The response 108 may include instructions, explanations, code scripts or direct actions to address the task request 106. Such response 108 may be displayed via the AI agent interface 107 for transparency. For example, in addition to the response 108 that describes a summary of possible early cancer detection findings based on the input medical image scans 116, the MLLM 120 may generate computer-executable commands (e.g., system-level commands, Python scripts, etc.) that can directly trigger actions and/or interactions with the computing environment 109 on the user device 104.
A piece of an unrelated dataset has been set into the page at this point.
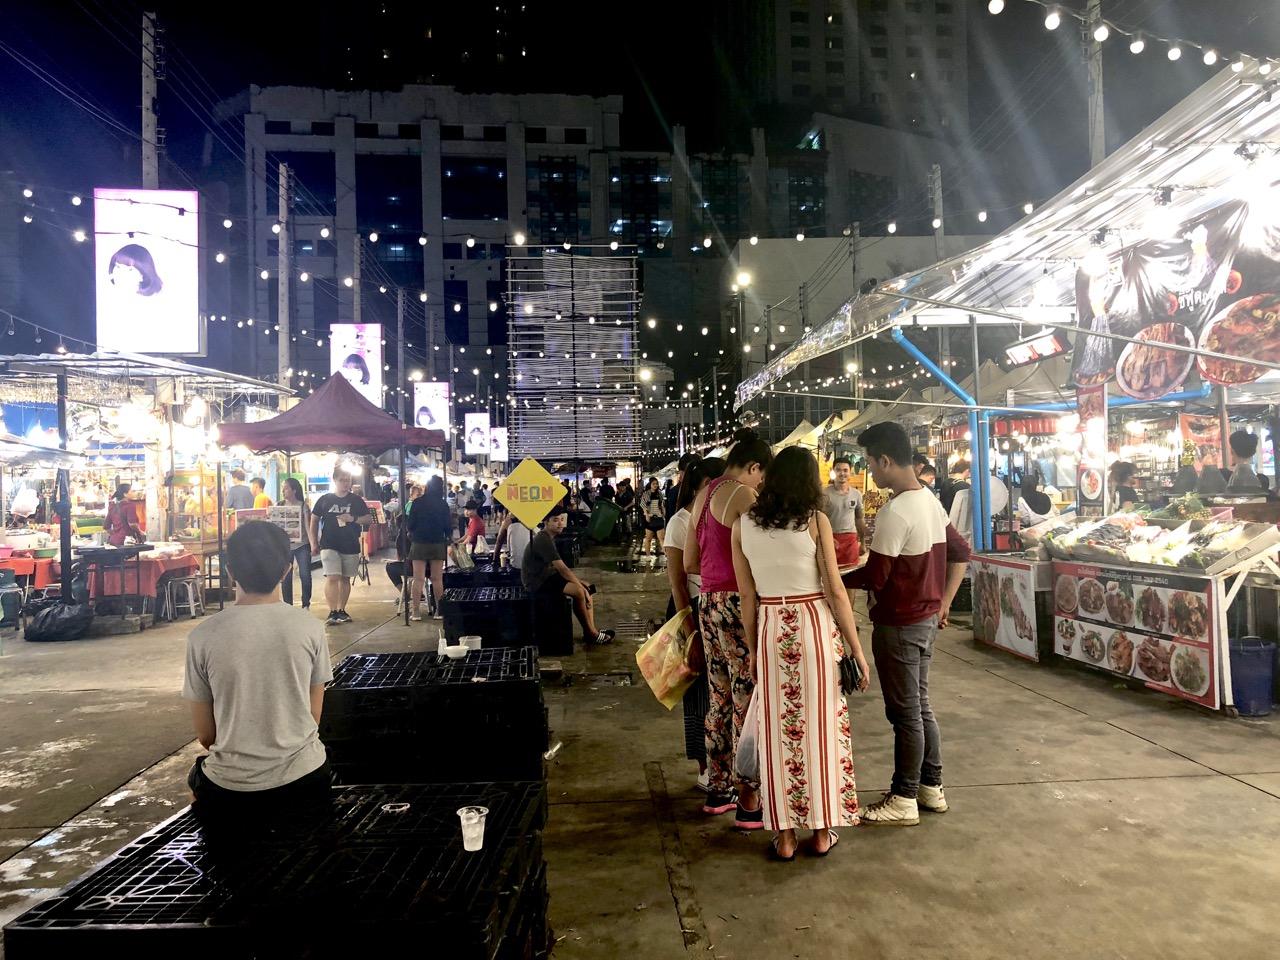 Ostolakossa bangkok kokemuksia

For example, the computing environment 109 may comprise an image display and/or editing application. The MLLM 120 may generate a code script—e.g., in Python using libraries such as OpenCV or matplotlib—that overlays bounding boxes or heatmaps on specific regions of the input images 116 corresponding to the text response 108.

In this way, the MLLM-based AI agent 110 may facilitate end-to-end workflow to automate the task request 106.

FIG. 1B is a simplified diagram illustrating an example structure of MLLM 120 shown in FIG. 1A, according to embodiments described herein. The MLLM architecture 120 may comprise an image encoder 122, a connector module 125, and an LLM 130. In some implementations, the LLM 130 may comprise an encoder 131 and a decoder 132. In another example, the LLM 130 may be a decoder-only language model, and a separate text encoder 131 may be employed.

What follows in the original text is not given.